Rosemary ist 86, lebt schon immer in Brixton und ist mit dem Freibad aufgewachsen. Ihre schönsten Erinnerungen hängen daran. Es verbindet sie auf fast magische Weise mit ihrem geliebten, zwei Jahre zuvor verstorbenen Ehemann George. Sobald sie ins Becken taucht wird sie wieder jung, ihr Körper schwerelos und geschmeidig. Von ihrer Wohnung aus kann sie das Wasser glitzern sehen und auf ihrem Balkon flattert jeden Morgen der Badeanzug zum Trocknen.

Sie erkennt auf den ersten Blick Kates Probleme und ist überzeugt, ihr einen Schubs in die richtige Richtung geben zu können. Deshalb stellt sie für die Zusammenarbeit eine Bedingung: „Ich gebe Ihnen das Interview, wenn Sie schwimmen gehen.“

Kate überwindet sich und beginnt, eine völlig neue Frau in sich zu entdecken. Gemeinsam mit Rosemary, deren Freunden und dem Fotografen Jay nimmt sie den Kampf gegen die Schließung auf.

Von der ersten Seite an hat mich dieses Buch bezaubert und mitten hinein nach Brixton versetzt. Märkte, Läden, Menschen und natürlich das Freibad: Alles wirkt so hinreißend lebendig, dass ich es sehen, hören, riechen und fühlen konnte.

Rosemarys bunte Freundesschar kommt so sympathisch rüber, dass ich sie alle lieber heute als morgen kennenlernen würde. Im Mittelpunkt stehen nicht nur Rosemary und Kate, die eine ganz besondere Freundschaft entwickeln und sich gegenseitig stützen, sondern eine offene und hilfsbereite Gesellschaft, die zusammenhält und füreinander einsteht. Jede und jeder kann seinen Teil zu einem gemeinsamen, guten Leben beitragen.

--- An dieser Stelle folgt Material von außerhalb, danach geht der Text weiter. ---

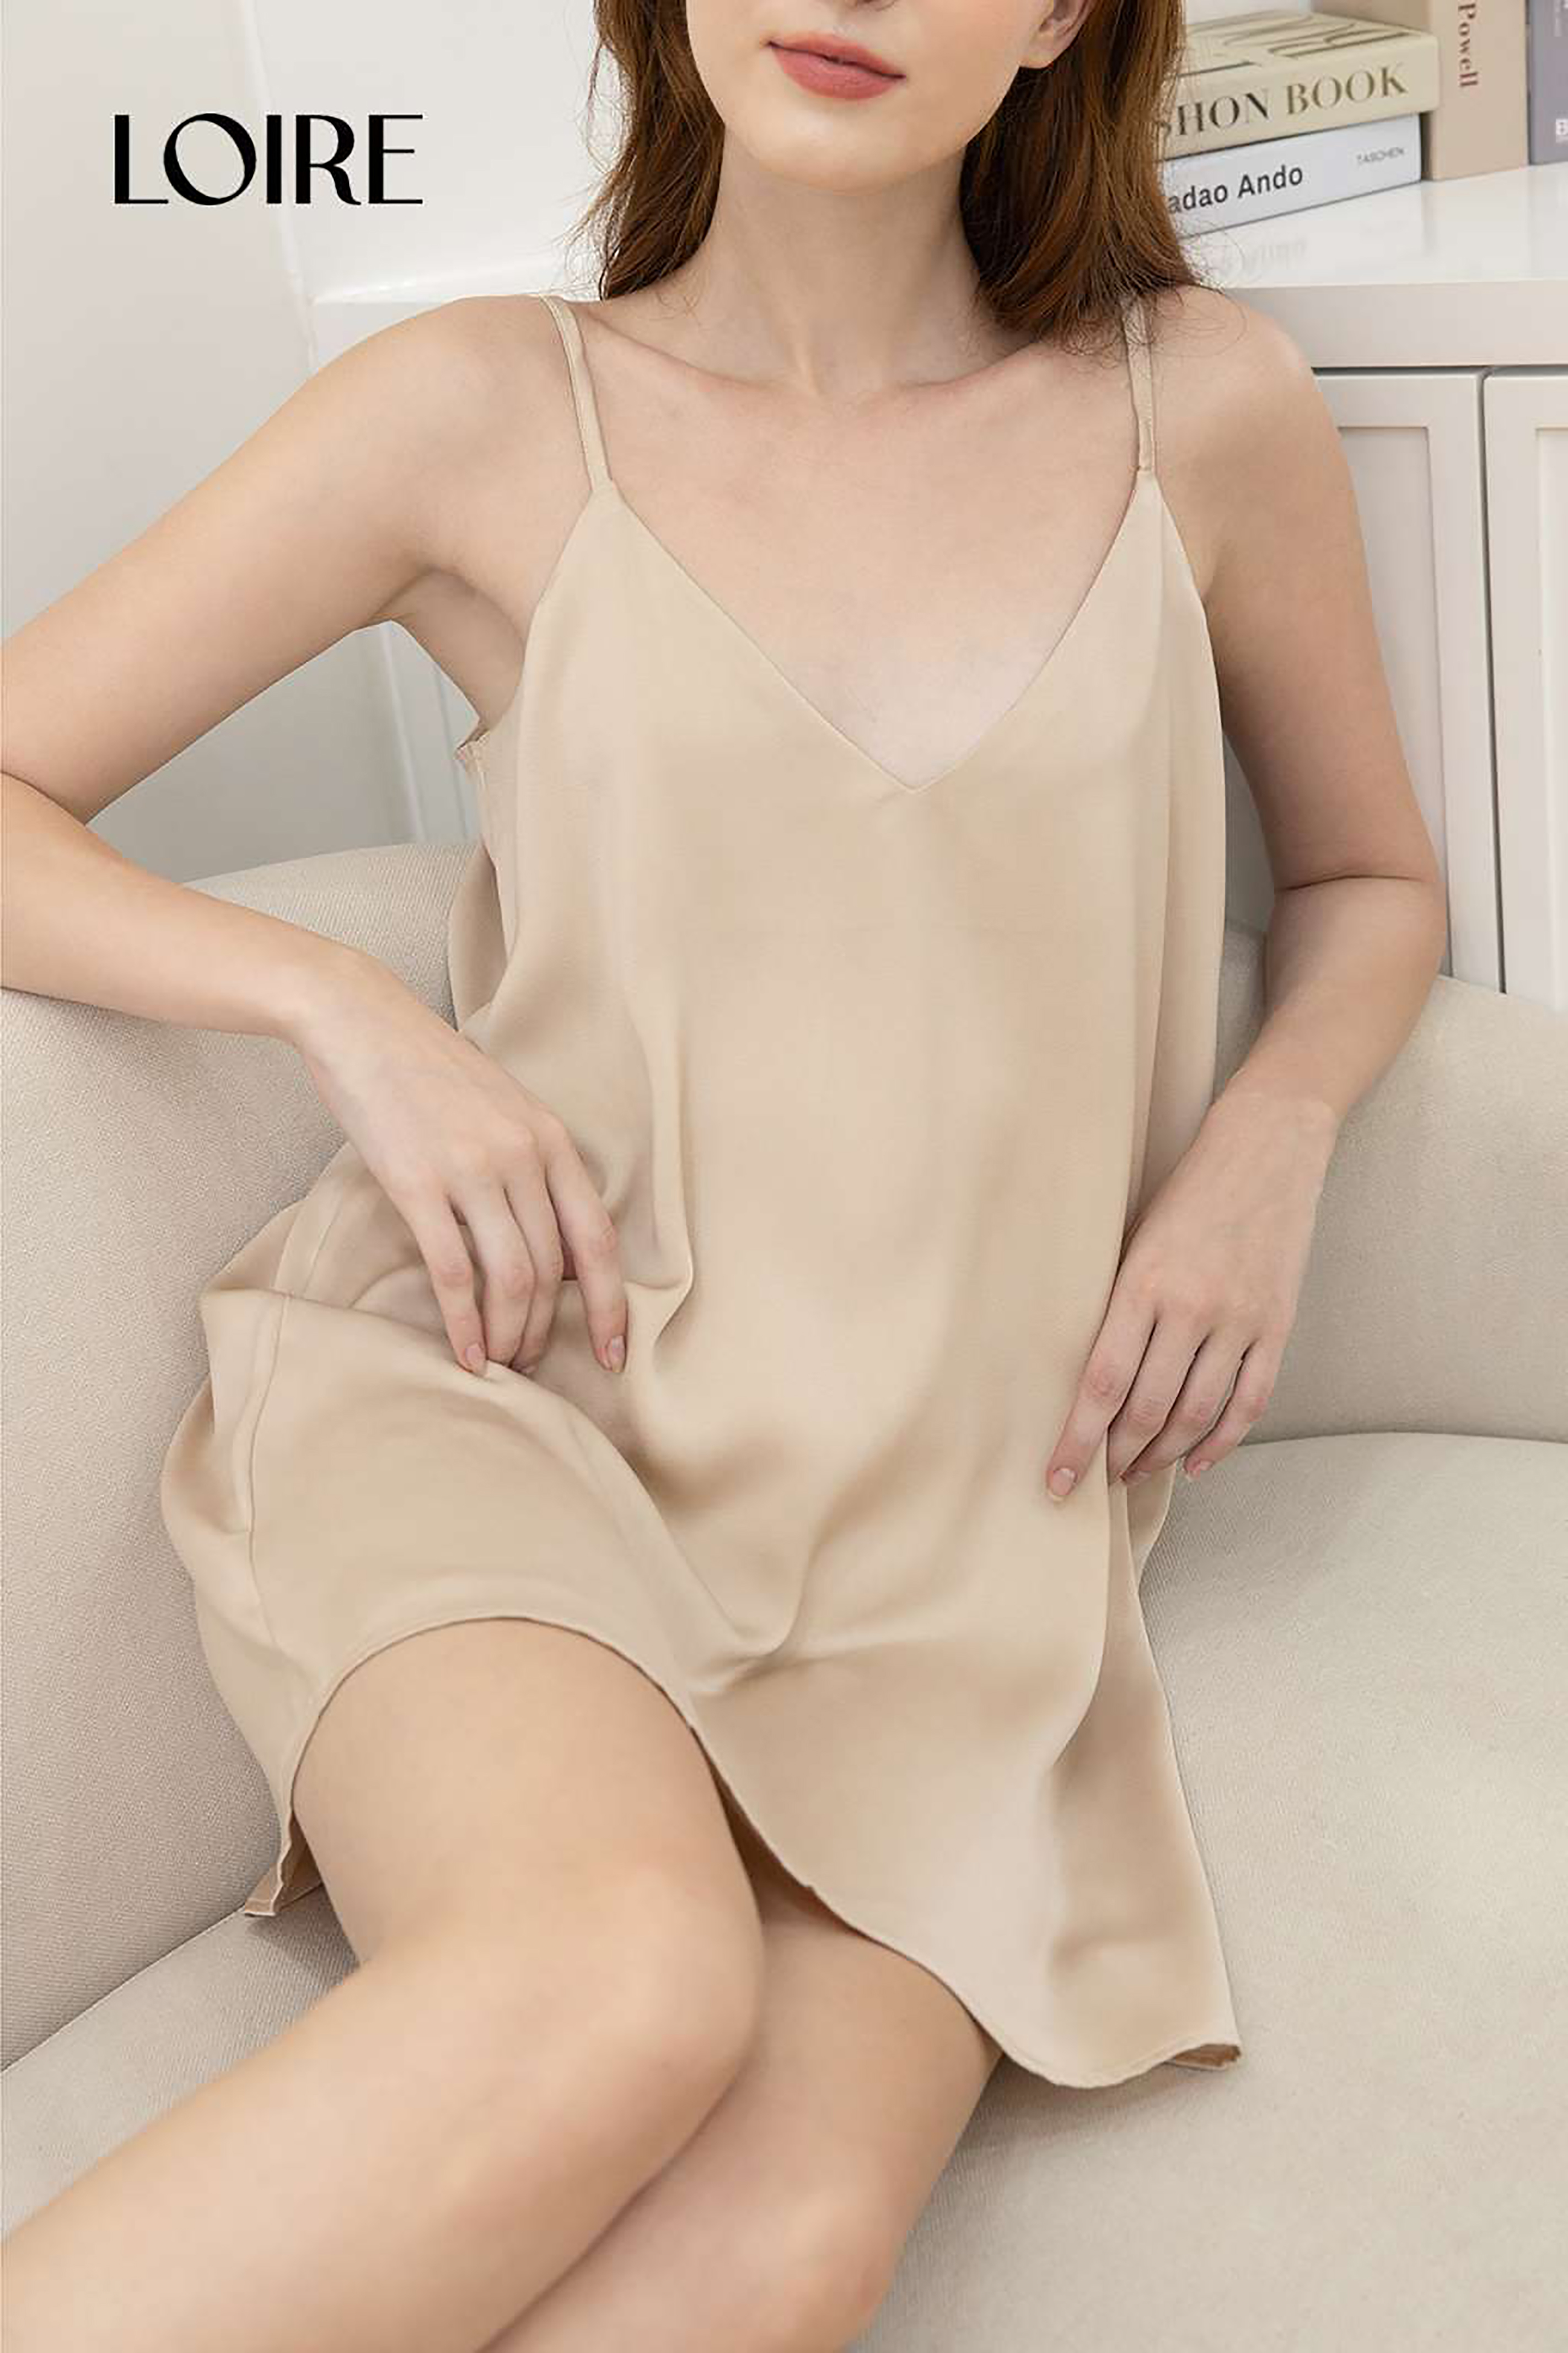 Váy Lụa 2 Dây Cao Cấp Loirechic LSL05

Eine ganz zentrale Rolle spielt natürlich das Freibad: Es wird zum Symbol für Gleichheit, Freiheit und Gemeinschaftssinn der Menschen. Wer in seiner Badekleidung ins Wasser taucht, ist in einer anderen Sphäre, Träume können für eine Weile wahr werden, keiner steht über oder unter einem anderen. Und es gibt Kraft für das (Über-)Leben draußen.

Der jungen Autorin Libby Page ist ein wunderbares Buch über Freundschaft und Solidarität gelungen, das ich kaum aus der Hand legen konnte. Dazu trägt sicher auch die Übersetzung durch Silke Jellinghaus bei. Manchmal habe ich aber auch ganz bewusst beim Lesen Pausen eingelegt, um länger etwas davon zu haben und mich nicht so schnell von den Charakteren verabschieden zu müssen, die mir ans Herz gewachsen sind.

„Im Freibad“ ist ein Wohlfühlbuch mit Tiefgang (und das nicht nur im Wasser), das ich wärmstens empfehlen möchte.

Libby Page: Im Freibad.
Ullstein, Mai 2019.
400 Seiten, Taschenbuch, 14,99 Euro.

Diese Rezension wurde verfasst von Beate Fischer.